WBTI went on the air in July 1991, owned by Timothy D. Martz of Martz Communications. Martz was a Canadian-born broadcaster with ambitions of purchasing or building a series of American radio stations near the border of the United States and Canada with the intent of providing quality radio that would also be of value to Canadian citizens, while at the same time not having to submit to the more rigid standards of programming required by the Canadian Radio-television and Telecommunications Commission (CRTC), and had already had success in another Michigan/Ontario border market - Sault Ste. Marie - with 99.5 Yes-FM. As Sarnia, Ontario was about 25 minutes southeast of Lexington, it fell into this category.

Initially, the station boasted a contemporary hit radio format and the moniker "B96.9, The Killer Bee". Though licensed to Lexington, almost a half-hour north of Port Huron, the station maintained its studios and offices in downtown Port Huron, where it would compete with WPHM, WHLS, WSAQ, WIFN, and WGRT.

However, Martz's ownership of the station would be brief, as the station was sold to Hanson Communications, licensee of WPHM, for $325,000 the following year. Hanson Communications had failed to acquire the construction permit for a new FM in Port Huron after a lengthy series of competitive hearings, and turned its interests towards acquiring WBTI.
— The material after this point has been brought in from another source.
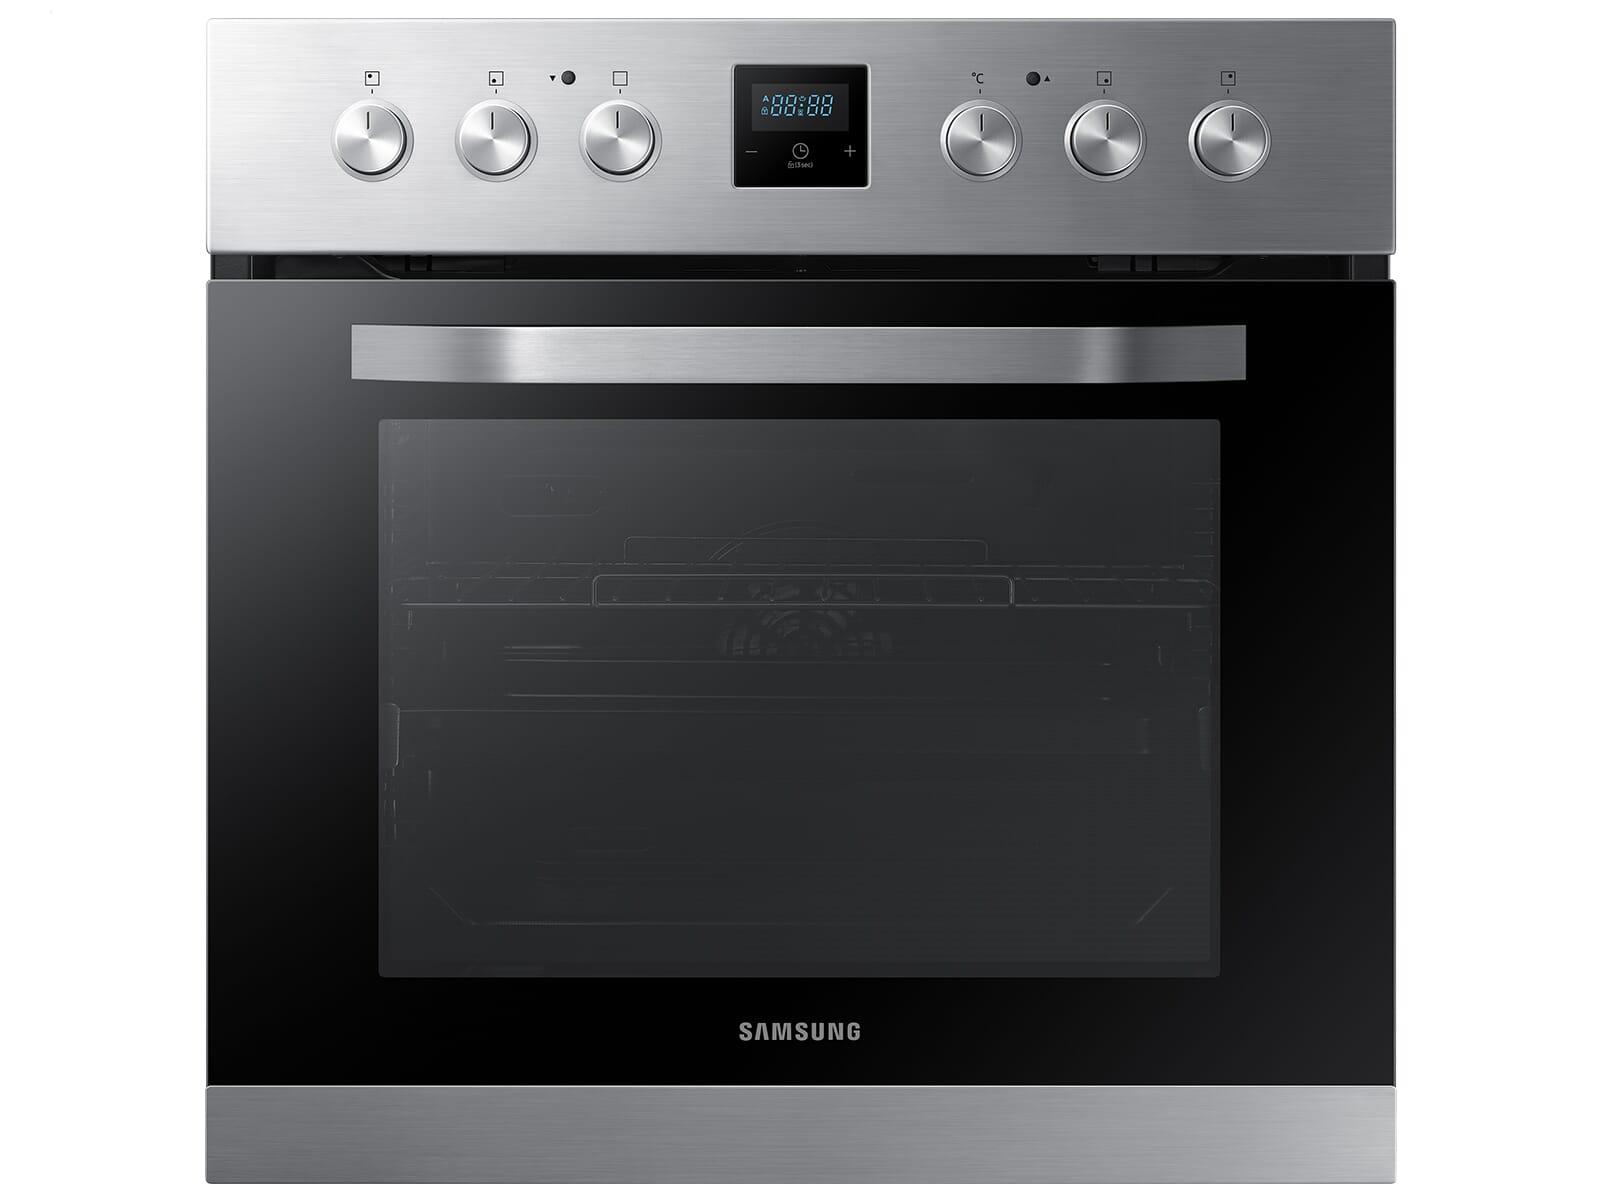 Samsung F-NB69R5701RS Set Einbauherd NB69R5701RS/EG + Induktionskochfeld NZ64R1705CK/EG
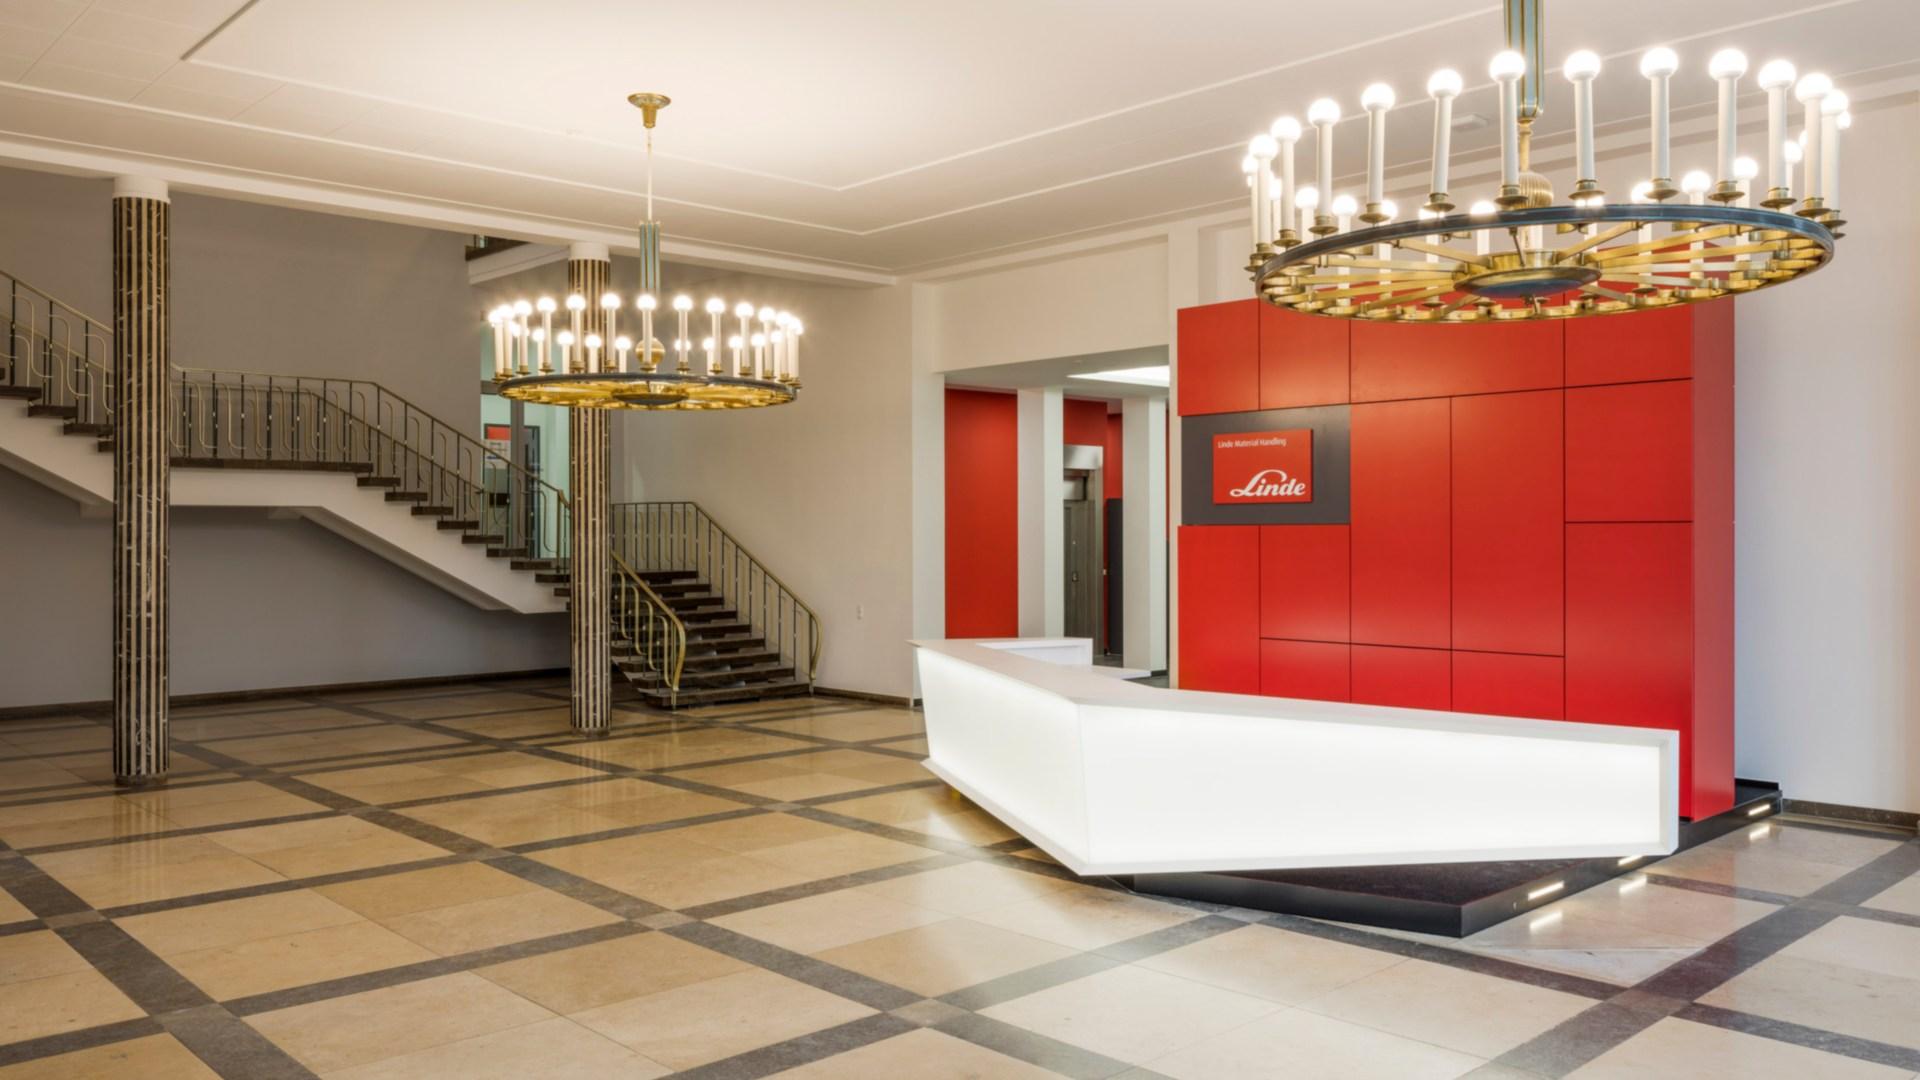 renovated parlour at Linde Material Handling

Satisfied with the Top 40 format already on the air, Hanson Communications opted to leave it alone at first, but the station gradually shifted in the winter of 1995 to a hot adult contemporary (AC) format, and since then, has shifted back and forth between this format and Top 40, dropping the "Killer Bee" moniker by the end of the 20th century.

Station management has been clever in recent years with their on-air legal IDs, doing their best to keep "WBTI-FM Lexington" to the bare minimum (once per hour per FCC regulations) and using "WBTI Port Huron" several times per hour. When it is the top of the hour WBTI is identified as "WBTI Lexington-Port Huron" with a "WBTI Port Huron" jingle immediately following.

In keeping with an ongoing trend among Hot AC radio stations across the United States, WBTI has dropped most 1980s and 1990s music from rotation and transitioned to a Top 40 sound, reimaging from The Best of the '80s, '90s and Today to Today's Hit Music. This is a return to the station's roots, as it featured such a format throughout the 1990s and until 2002. The change helps differentiate the station more distinctly from rival mainstream AC stations WGRT, CFGX-FM and WTGV-FM. WBTI still plays '90s music on Sunday mornings. In the late hours at night, WBTI has been known to occasionally play some 90s rock and alternative hits that would typically be heard on sister station Rock 105.5. Examples would be Green Day, Eve 6, Kid Rock, and even Candlebox.

Radio personalities Bob O'Dell and J.D. loved the fishbowl aspect of the building. The window allowed for traffic and passers by to interact with the talent.